_Directions for this task_
Please report the number of lines in the entries below that contain "marble", with nothing added.

(Given information Opens)

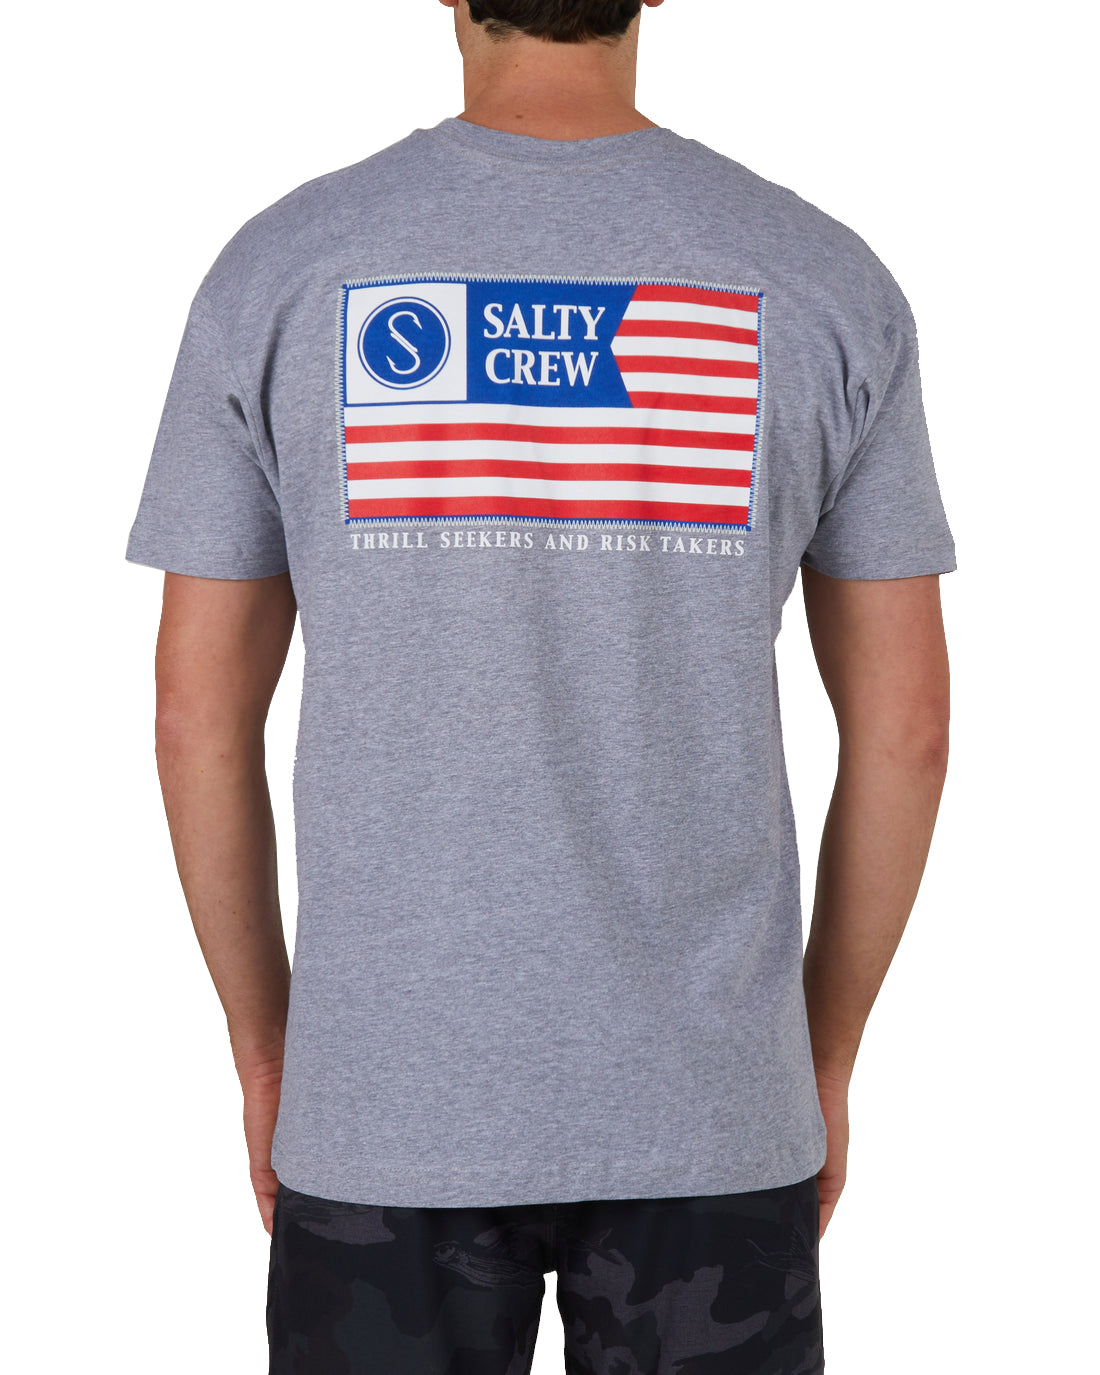 Salty Crew Freedom Flag Mens SS Tee AthleticHeather L
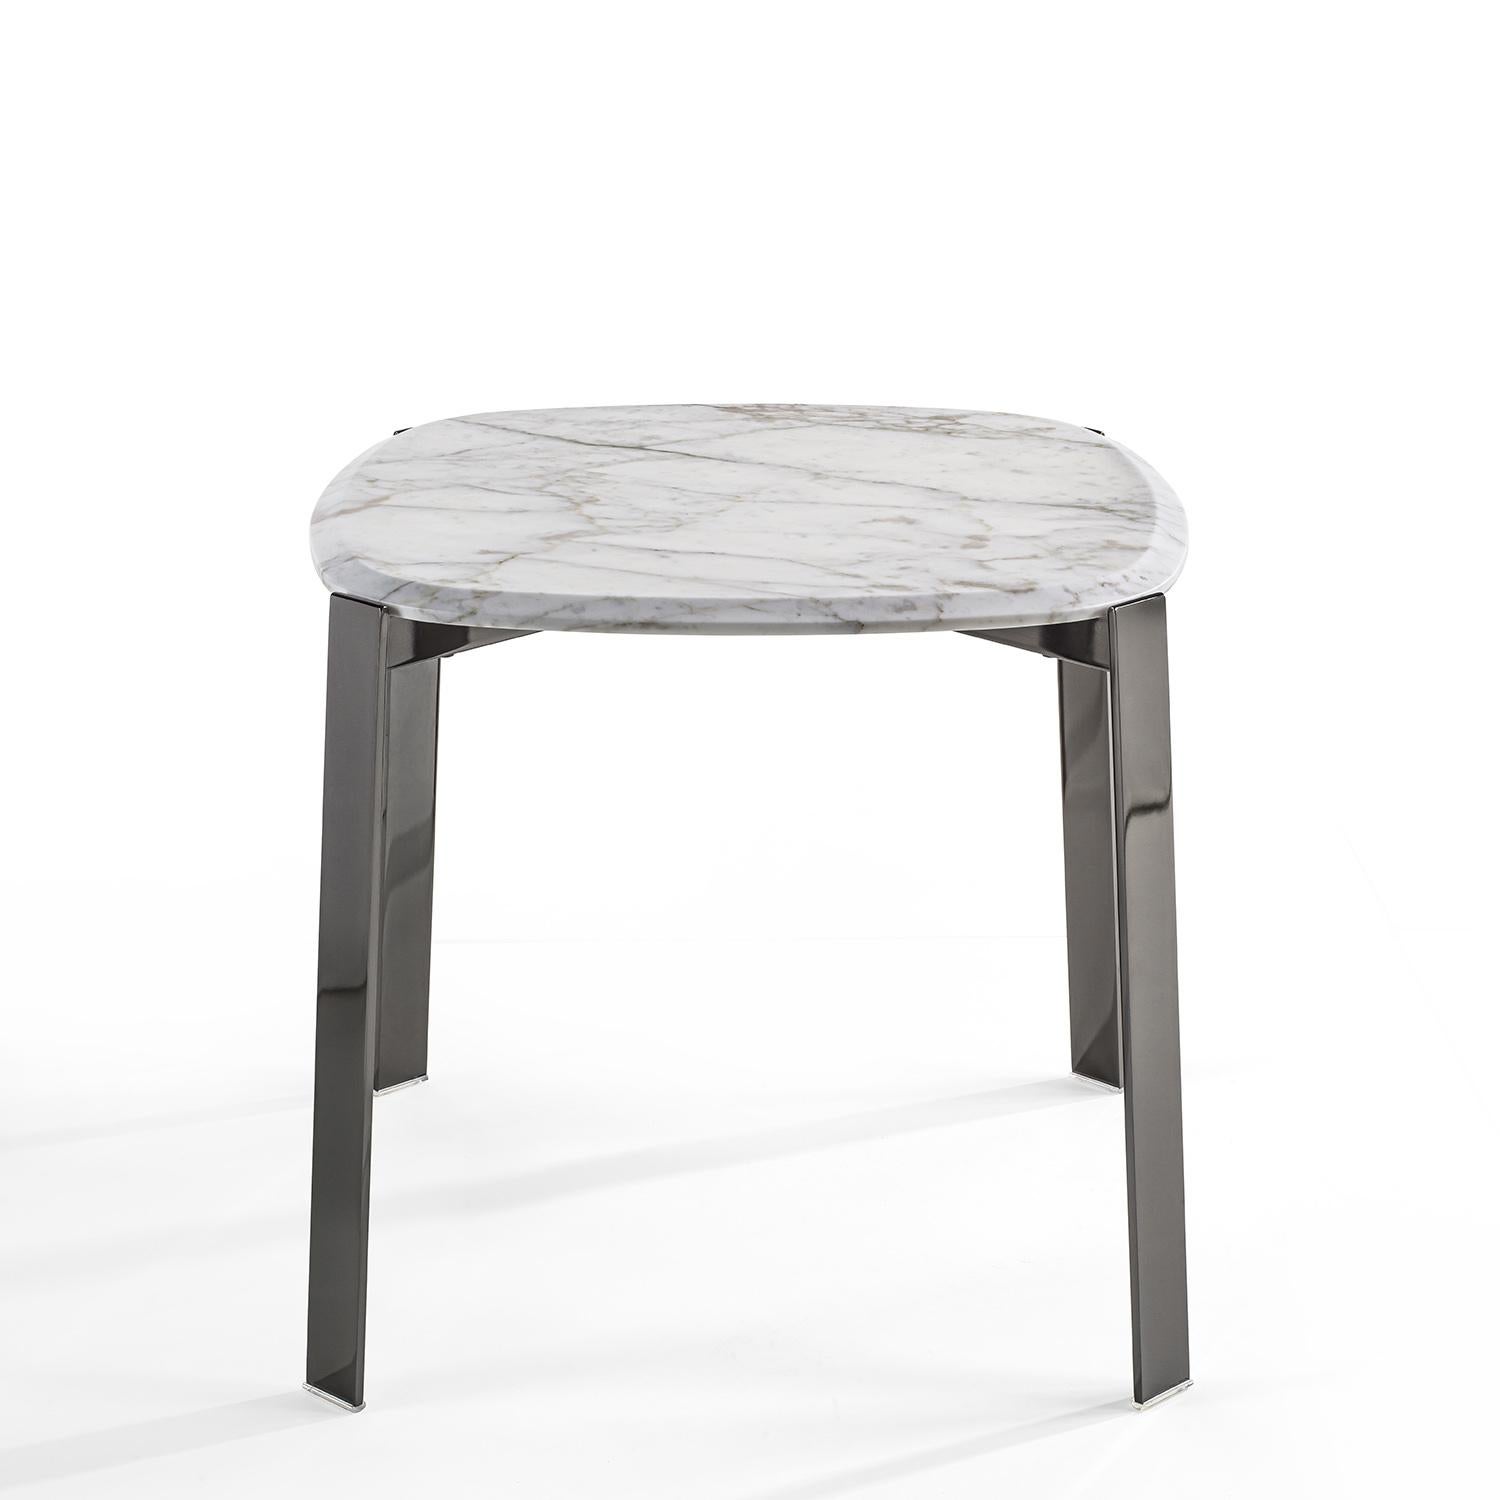 Side Table Peter White with chromed metal
structure and with white calacatta marble top.
Also available with black sahara marble or with
carnico grey marble top, on request.

(Given information Closes)

_Solution to this problem_
3